GIVEN INFORMATION =>
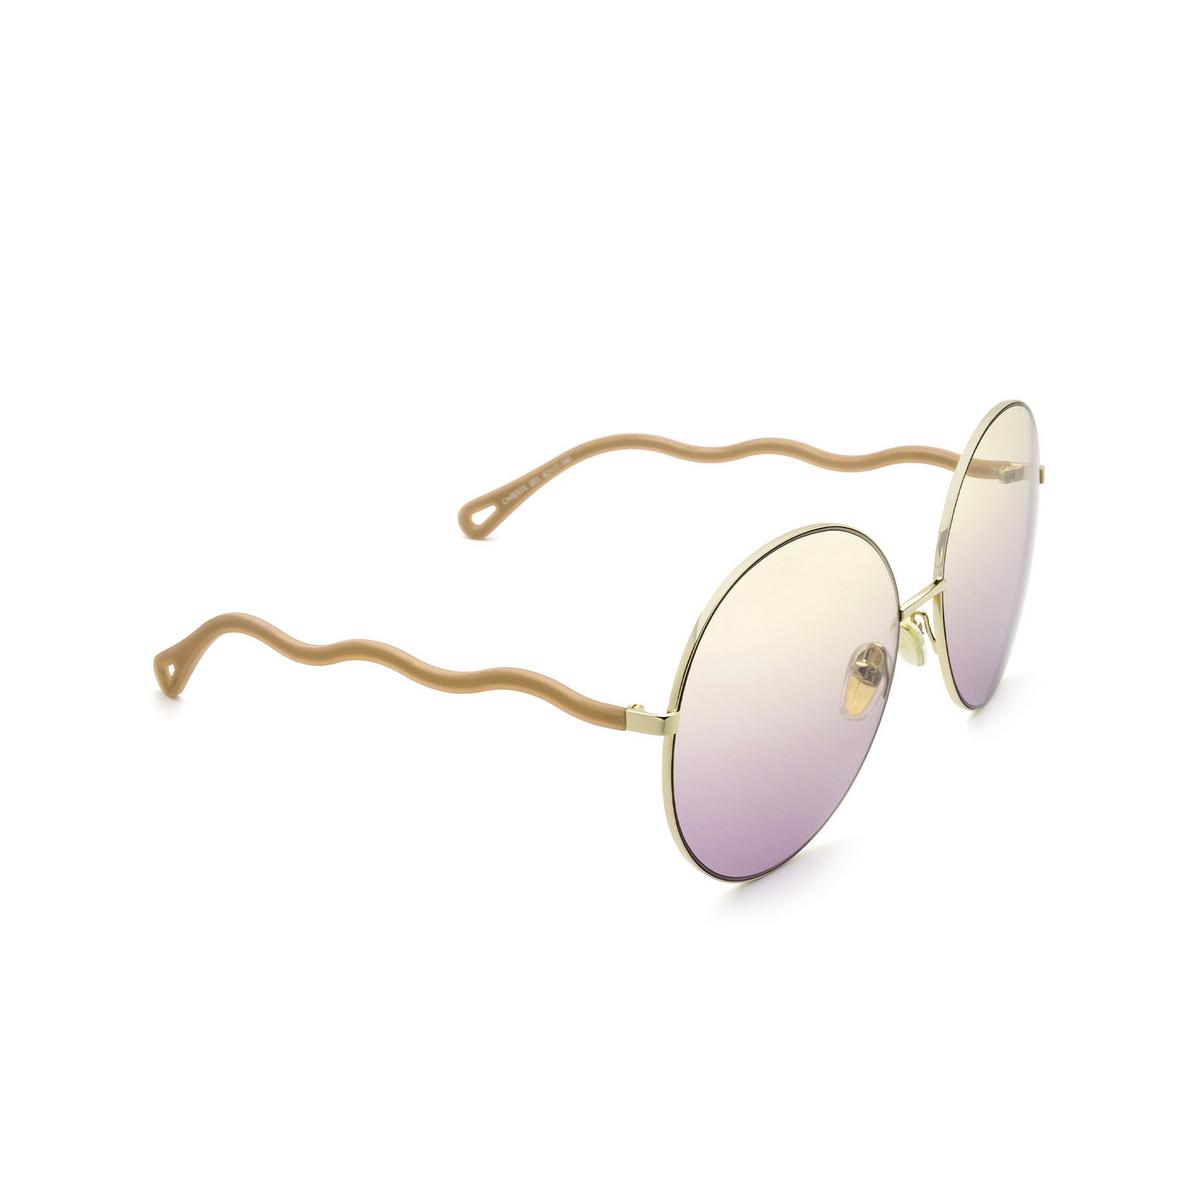 Chloé® Round Sunglasses: CH0055S color Gold 003 - three-quarters view.
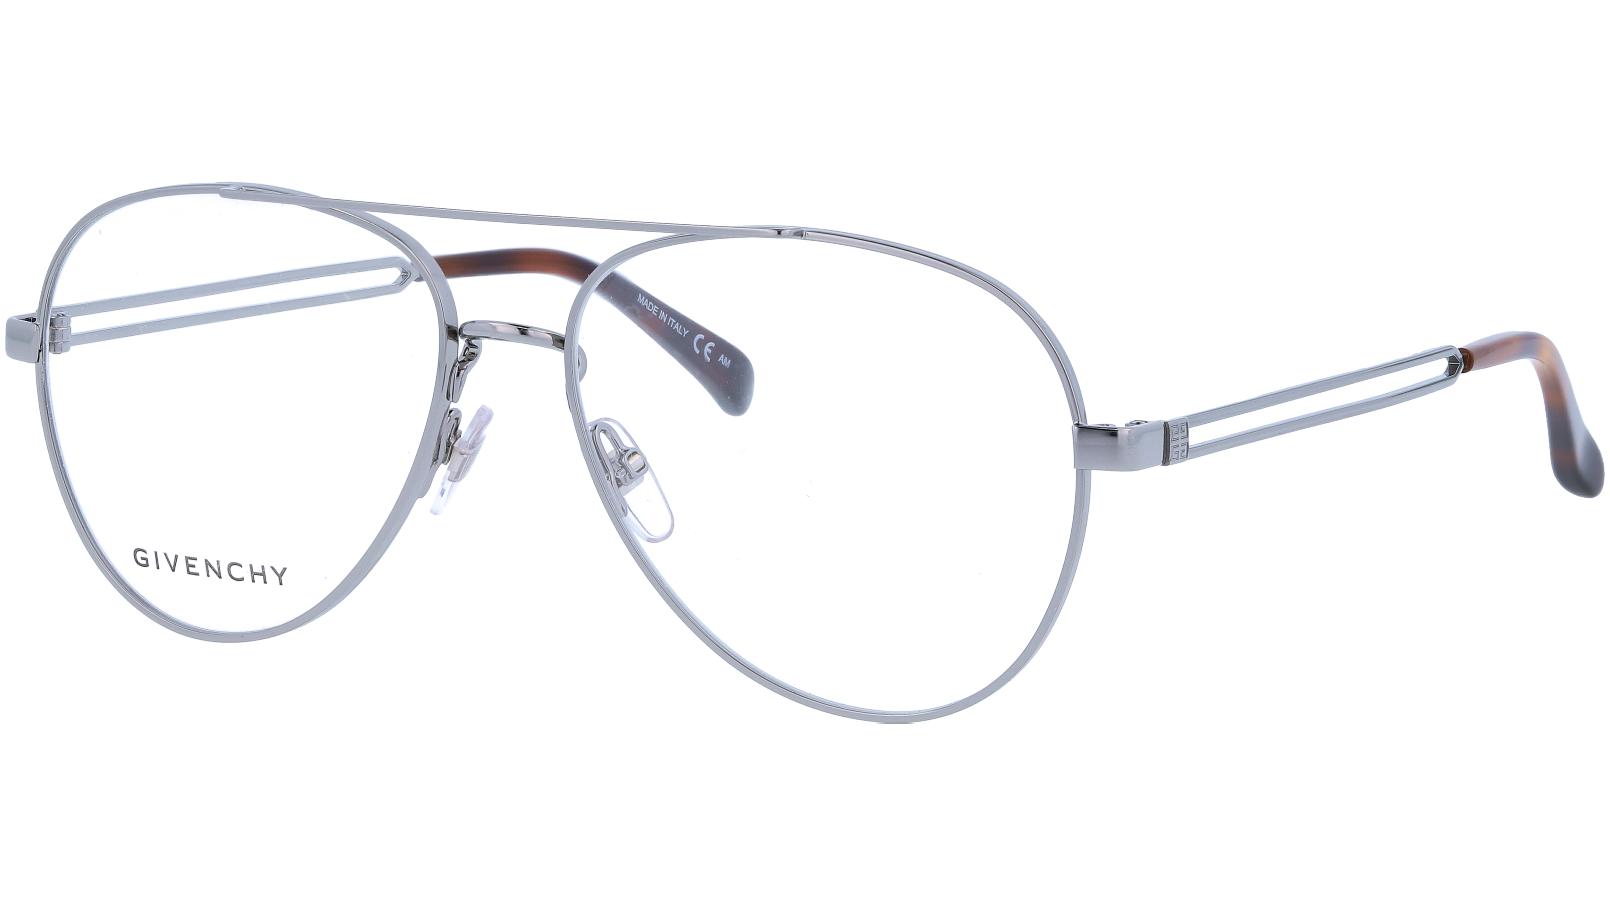 GIVENCHY GV0095 6LB 56 RUTHENIUM Glasses
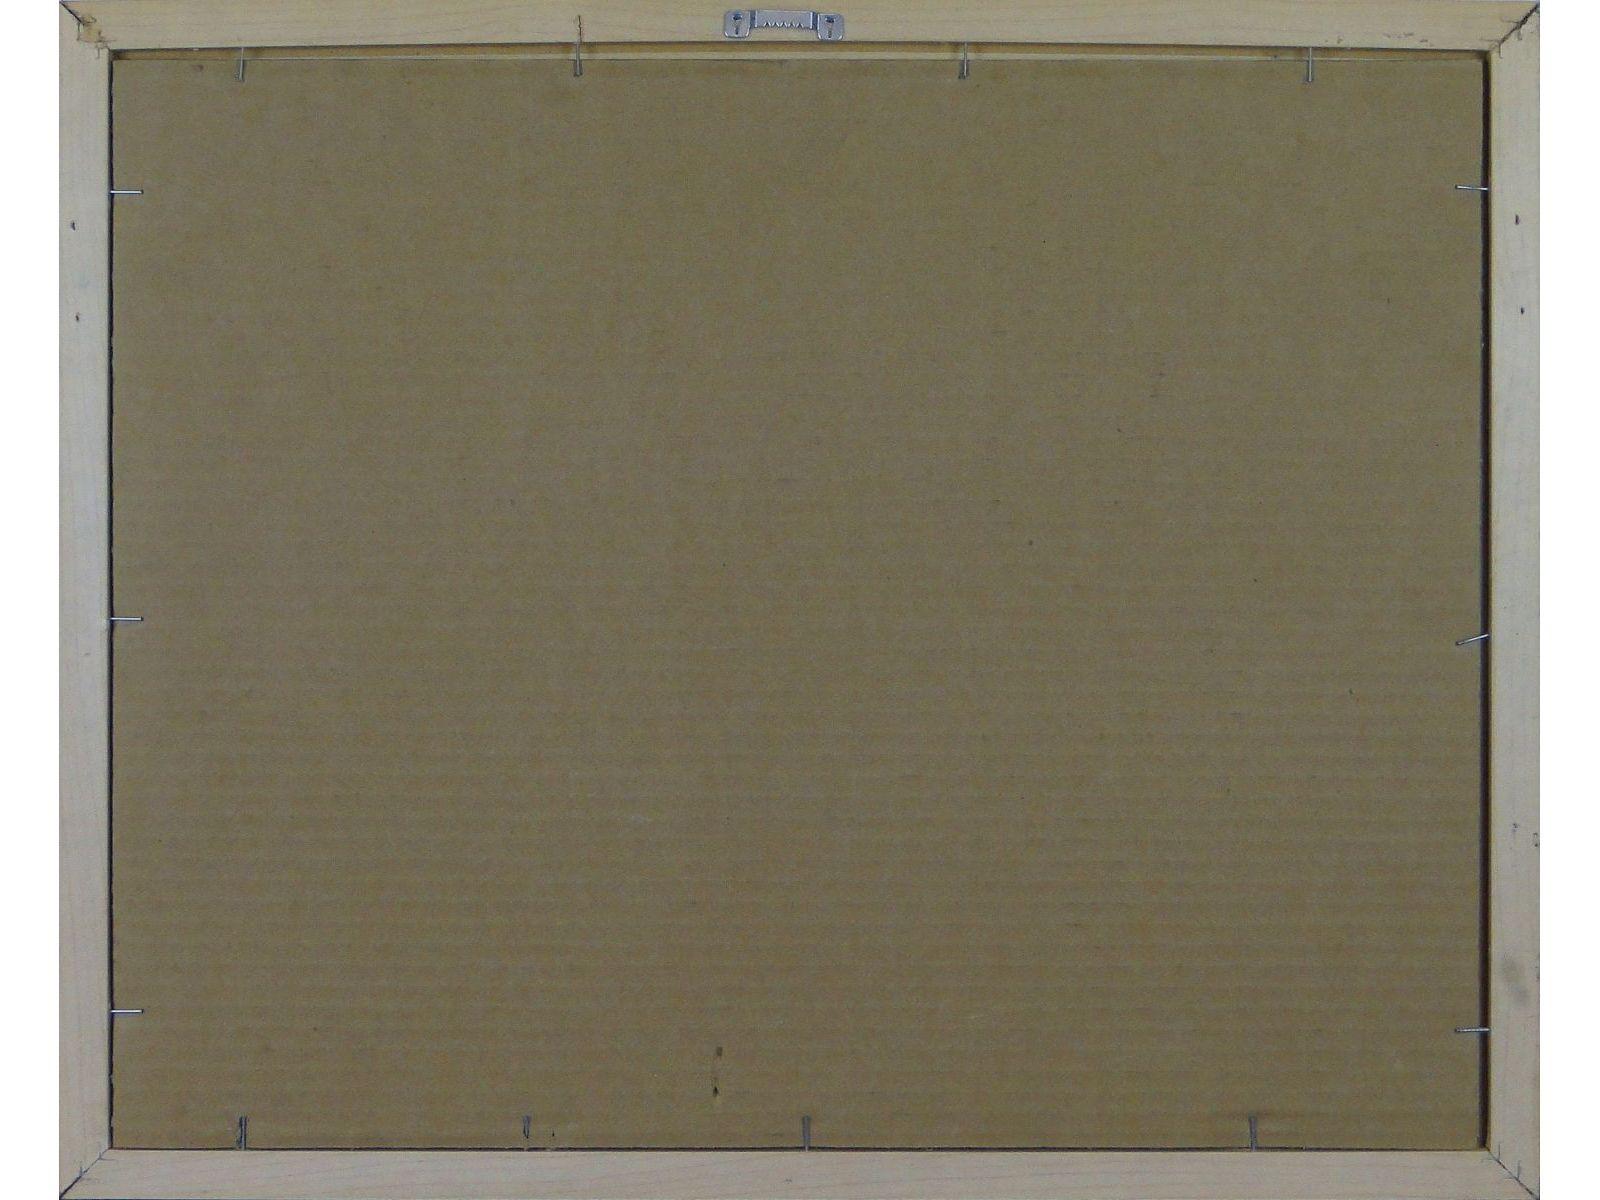 DSC04735.JPG (1600×1200)

WORK REQUIRED => Write out the data exactly, but not its pictures.

RESPONSE TO THE TASK =>
 Chloé® Round Sunglasses: CH0055S color Gold 003 - three-quarters view.
 GIVENCHY GV0095 6LB 56 RUTHENIUM Glasses
 DSC04735.JPG (1600×1200)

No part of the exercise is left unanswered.